- The Washington Times - Thursday, November 13, 2003


Opposition sold uranium to al Qaeda

LYON, France — A representative of al Qaeda bought enriched uranium capable of being used in a so-called dirty bomb from the Congolese opposition in 2000, according to sworn testimony quoted in a French newspaper yesterday.

An unnamed former soldier from the Democratic Republic of Congo has told investigators looking into the murders of two Congolese opposition figures in France in December 2000 that he had attended a meeting earlier that year at which the uranium was sold, the Lyon-based Le Progres reported.

The man “described a meeting which took place on March 3 in [the German city of] Hamburg between some Congolese men and an Egyptian by the name of Ibrahim Abdul,” the newspaper said.

It quoted the man as saying, “I realized it was al Qaeda.”


Court blocks Chechen’s extradition

LONDON — A British judge yesterday ruled that Chechen envoy Akhmed Zakayev will not be extradited to Russia, where he faces mass-murder charges.

Mr. Zakayev’s lawyers fought his extradition, saying he would be persecuted for his political beliefs and would not receive a fair trial. He is wanted in Russia on 13 charges, including kidnapping and participating in the murder of more than 300 militia officers. Moscow charges that Mr. Zakayev fought against the Russian Federation between October 1995 and December 2000.


Iran threatens atomic agency

VIENNA — Iran’s representative to the U.N. nuclear watchdog said yesterday there could be “unpredictable consequences” if the agency’s governing board declares Tehran in violation of the global pact against nuclear weapons next week.

The International Atomic Energy Agency’s governors will meet on Nov. 20 to discuss an IAEA report on Iran’s nuclear program, detailing decades of failures by Iran to report truthfully on its activities and facilities.


Government falls, elections called

BELGRADE — Serbia and Montenegro dissolved its parliament and announced early elections yesterday, signaling the collapse of the government three years after the ouster of Slobodan Milosevic.

The pro-democracy coalition that came to power in 2000 nearly has unraveled, forcing Prime Minister Zoran Zivkovic to agree — under pressure from political defectors and Milosevic supporters — to set a new parliamentary vote for Dec. 28, a year ahead of schedule.

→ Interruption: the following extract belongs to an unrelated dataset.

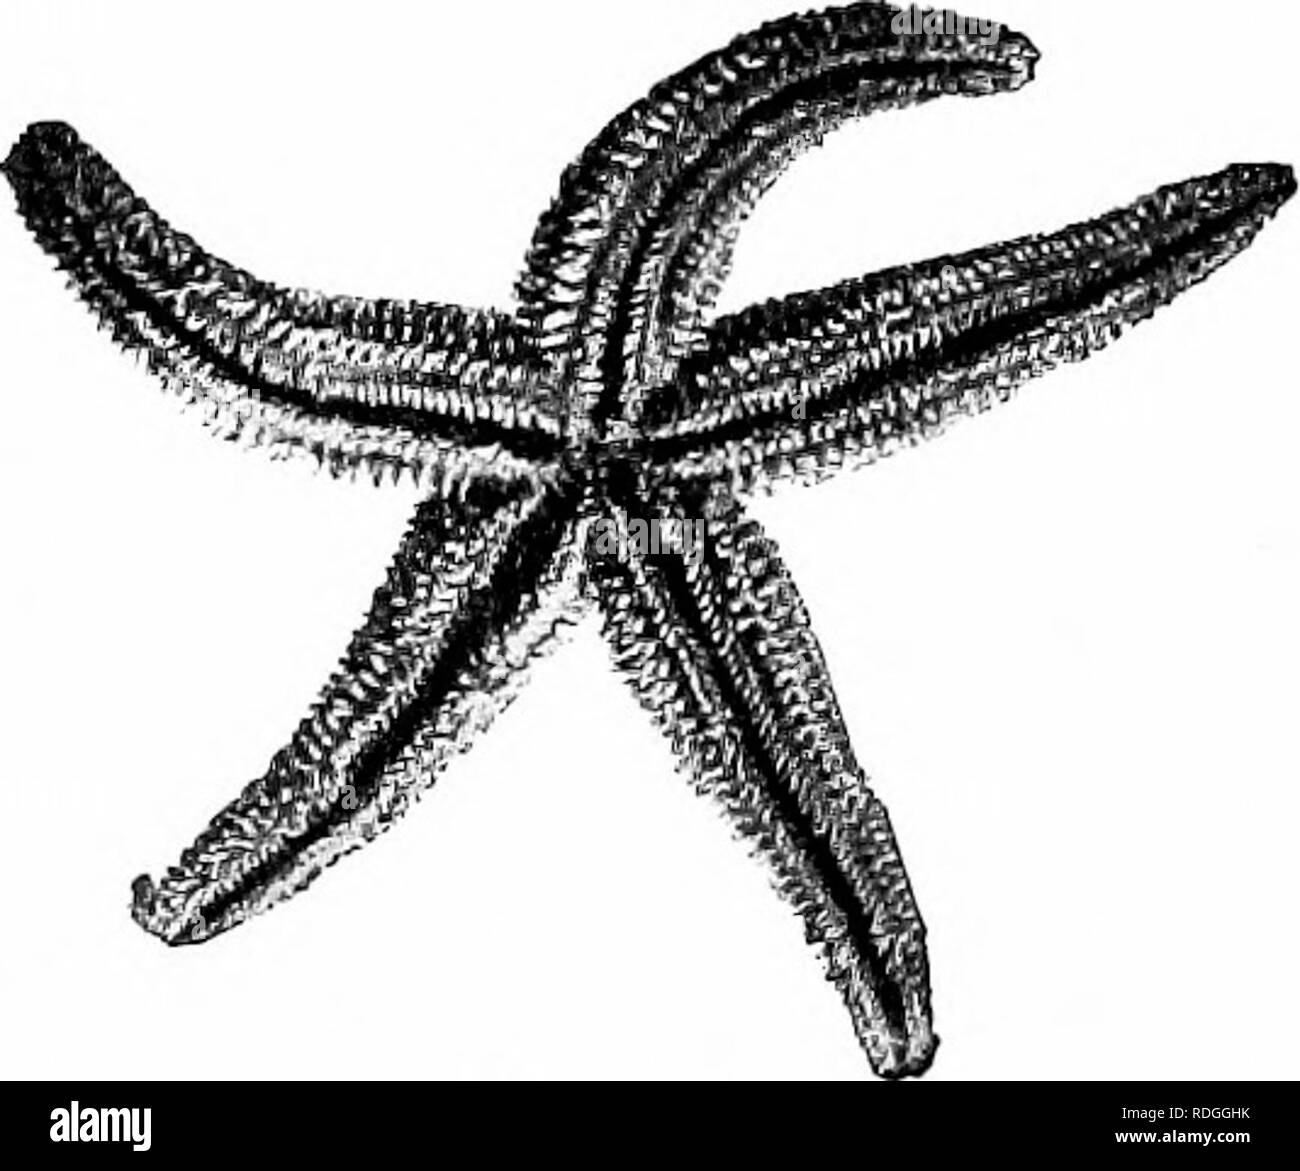 . Un manuel de zoologie générale. Zoologie. Étoile de X., les oursins, les ophiures Branch IX. - Echinodermes {echinos (colonne vertébrale), hedge hog- derma, peau) ; la plupart des membres de cette branche ont la surface du corps assailli d'épines ; d'où le nom, Echinoder- mata, qui signifie tortue à peaux. Dans tous les échinodermes les parties du corps sont disposés de manière radiale. Dans presque tous les il y a un exosquelette constitué de plaques calcaires. Sans exception, ils sont trouvés dans la mer. Un exemple de la Direction générale - l'Étoile de la forme et de la symétrie radiale de l'étoile. -L'étoile de mer commune a une étoile-sh Banque D'Images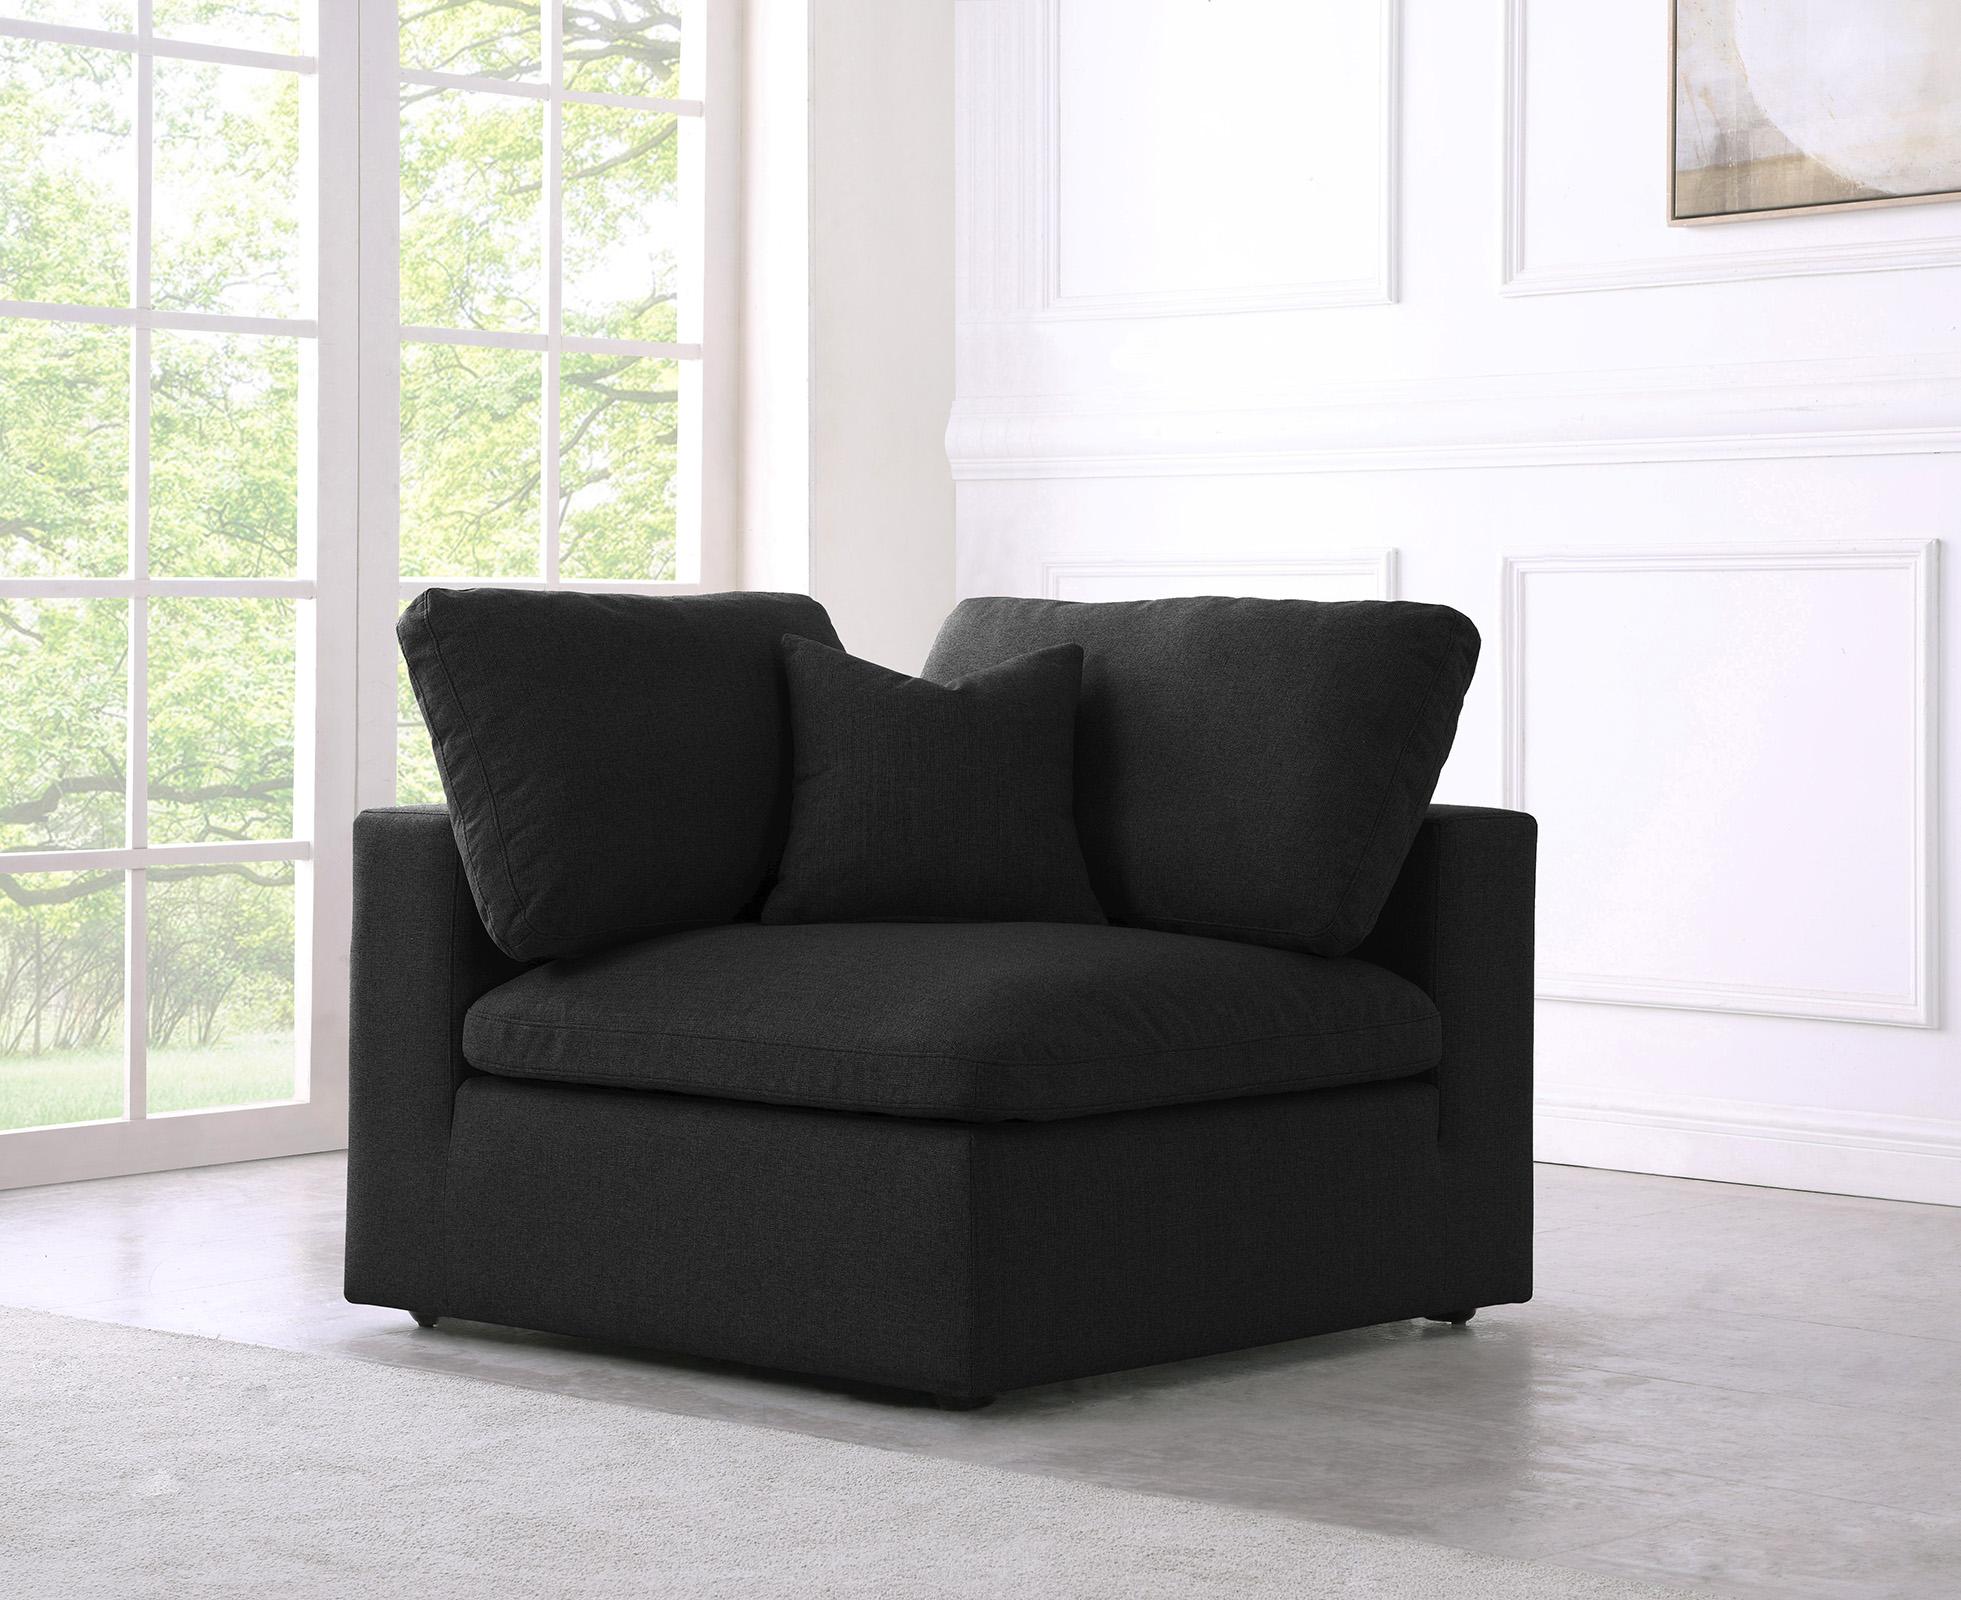 

    
Serene Black Linen Textured Fabric Deluxe Comfort Corner Chair

Mr. Zivkovic’s Cabinet has struggled against dwindling support in the parliament, where one-time allies have teamed up with ultranationalists, conservatives and Mr. Milosevic’s Socialists in a bid to unseat the government.


Oldest person dies at 114

TOKYO — Mitoyo Kawate, reputed to be the world’s oldest person, died in Hiroshima yesterday at 114, less than two weeks after taking over the title from another Japanese woman.

She survived her exposure to radiation from the 1945 atomic bombing of Hiroshima, worked on her farm until 99 and spent her last 10 years at a nursing home in the western Japanese city.

She succumbed to pneumonia at a hospital at around noon after she was taken there by ambulance from the nursing home with a fever.

Guinness World Records listed her as the world’s oldest person whose date of birth can be fully authenticated after Kamato Hongo died of pneumonia at 116 in southern Japan on Oct. 31.